(Exercise input)

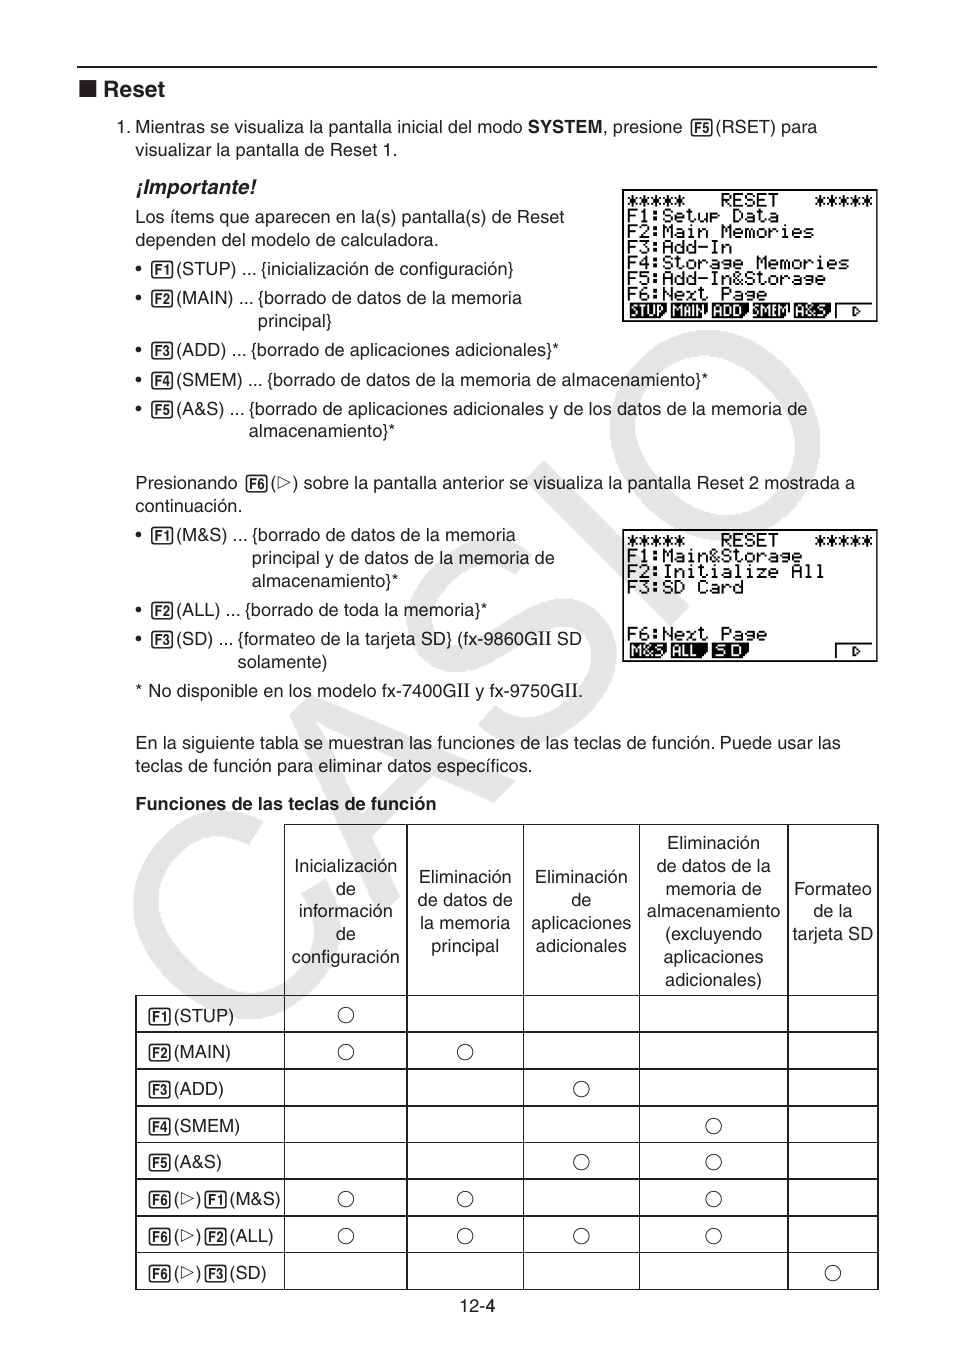 I reset | Casio FX-9750GII User Manual | Page 310 / 411
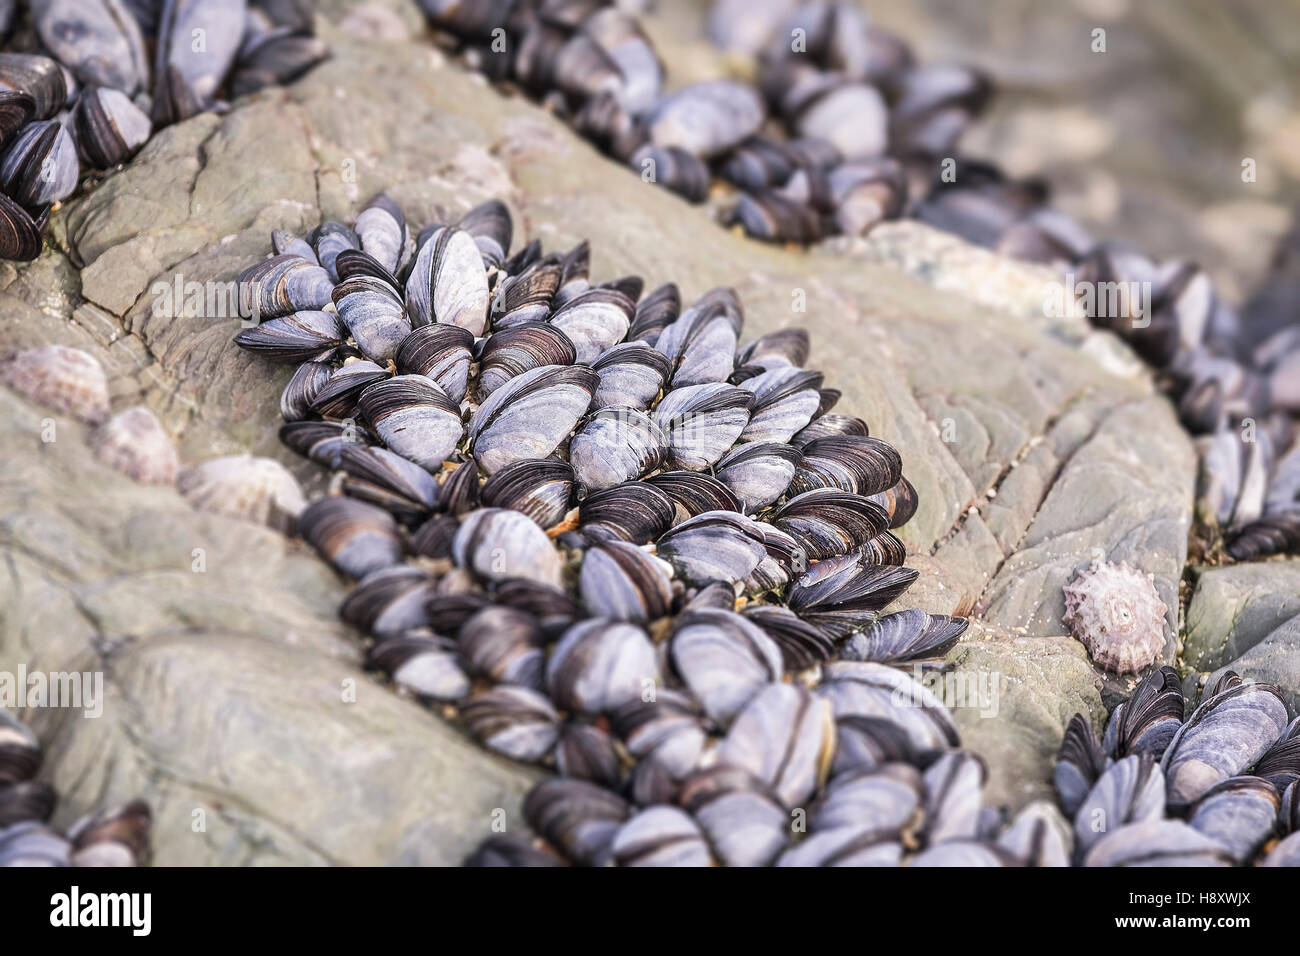 A bed of common mussels. Mytilus edulis. Stock Photo
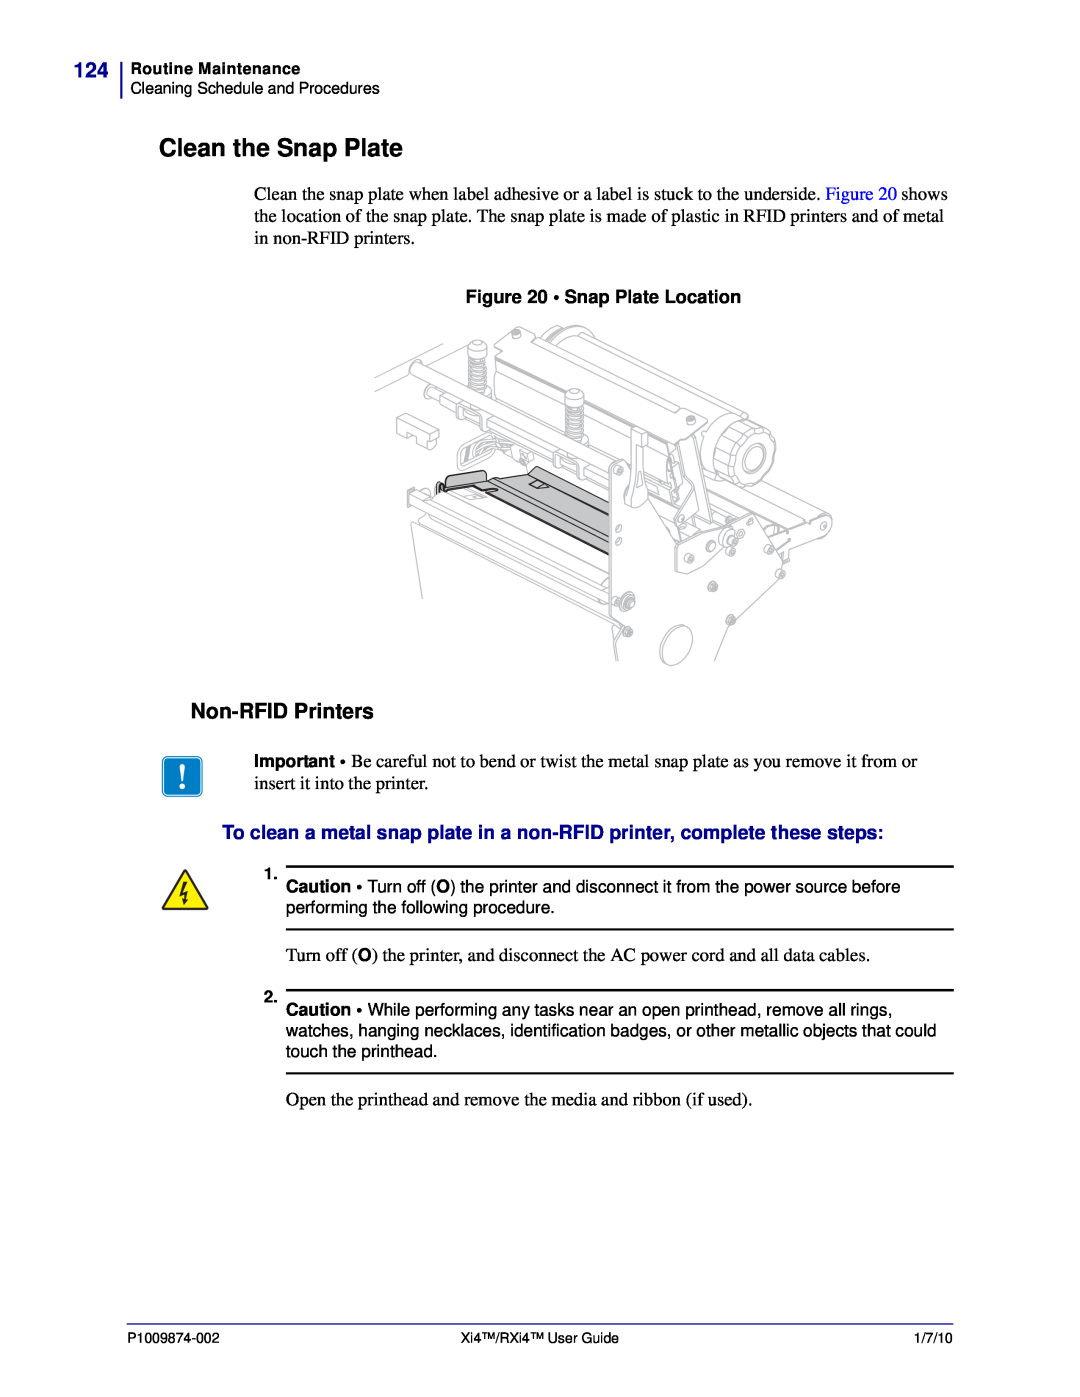 Zebra Technologies 11680100001, 14080100200, RXI4TM manual Clean the Snap Plate, Non-RFID Printers, Snap Plate Location 
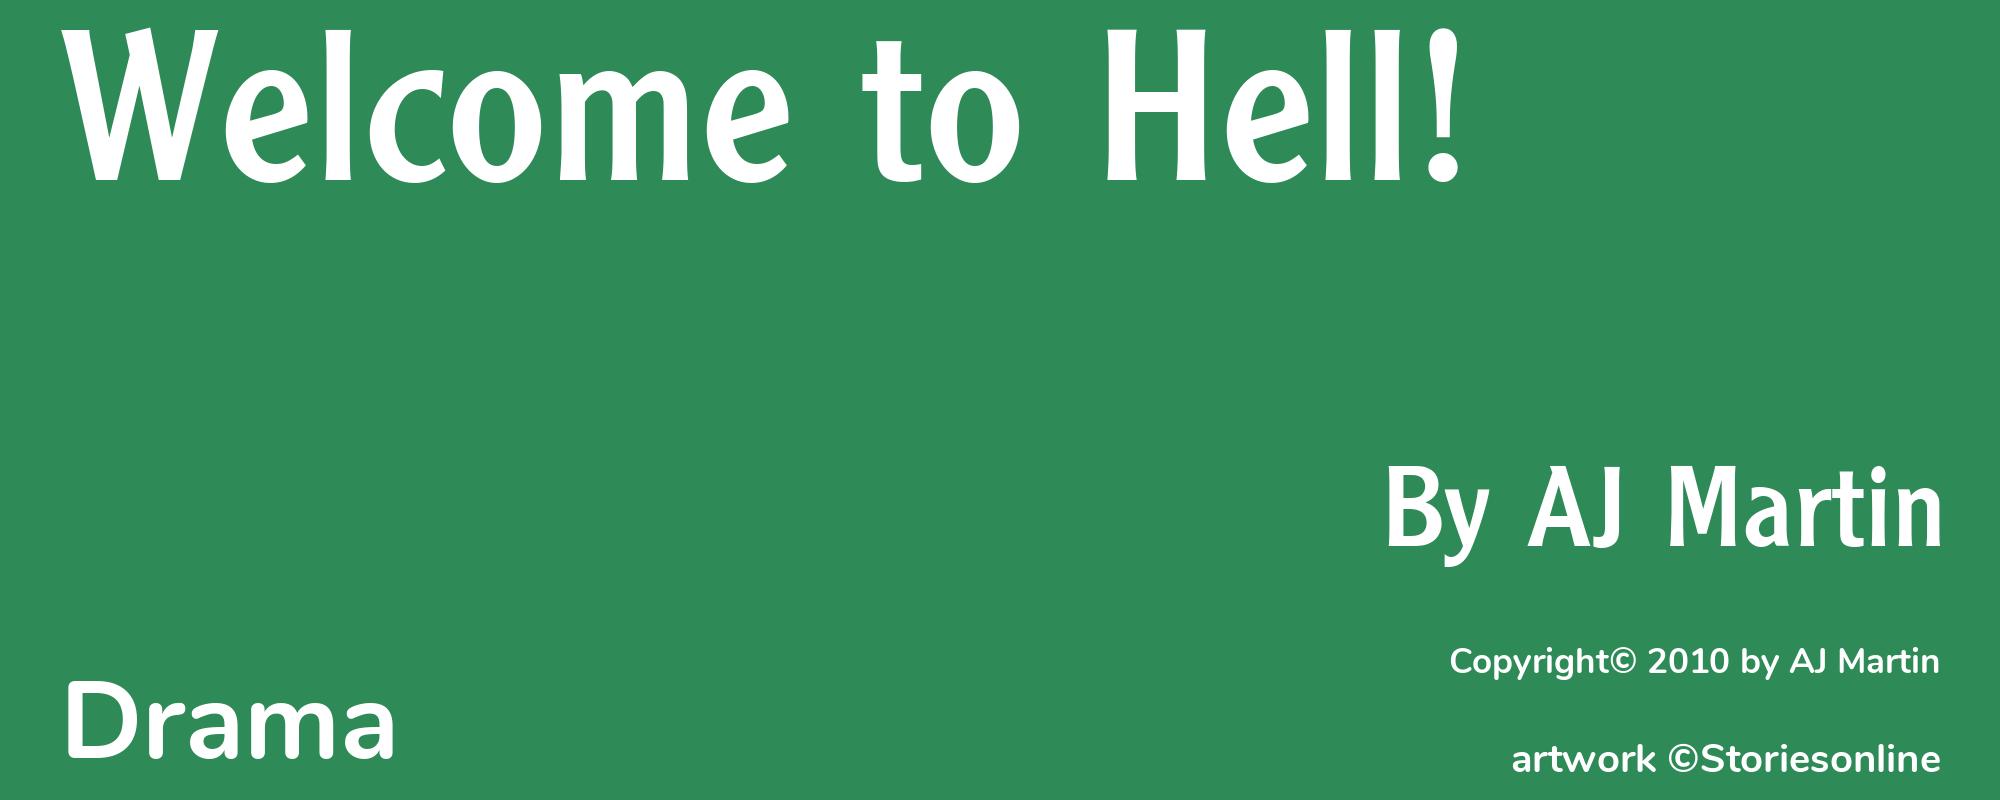 Welcome to Hell! - Cover
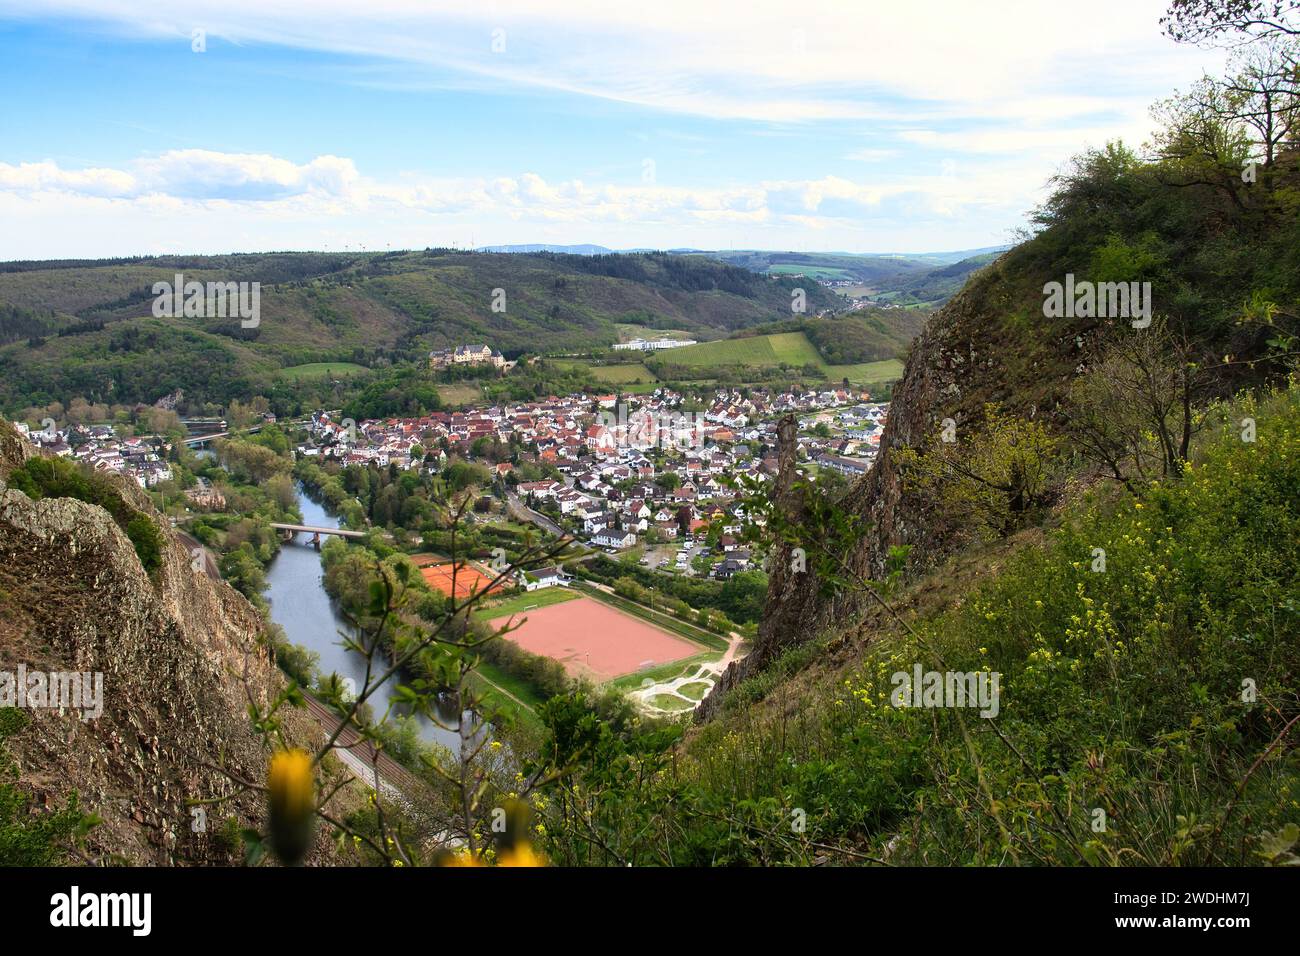 Bad Munster, Germany - May 9, 2021: Aerial view from the top of Rotenfels overlooking Bad Munster with Ebernburg castle in the distance on a spring da Stock Photo

(End Exercise input)

| Task directions |
Please reproduce, word for word, only the lines from the line that holds "Welcome to Hell! - Cover" through the final line of the entries above, omitting any pictures.

| Answer for this exercise |
 Welcome to Hell! - Cover
 Bad Munster, Germany - May 9, 2021: Aerial view from the top of Rotenfels overlooking Bad Munster with Ebernburg castle in the distance on a spring da Stock Photo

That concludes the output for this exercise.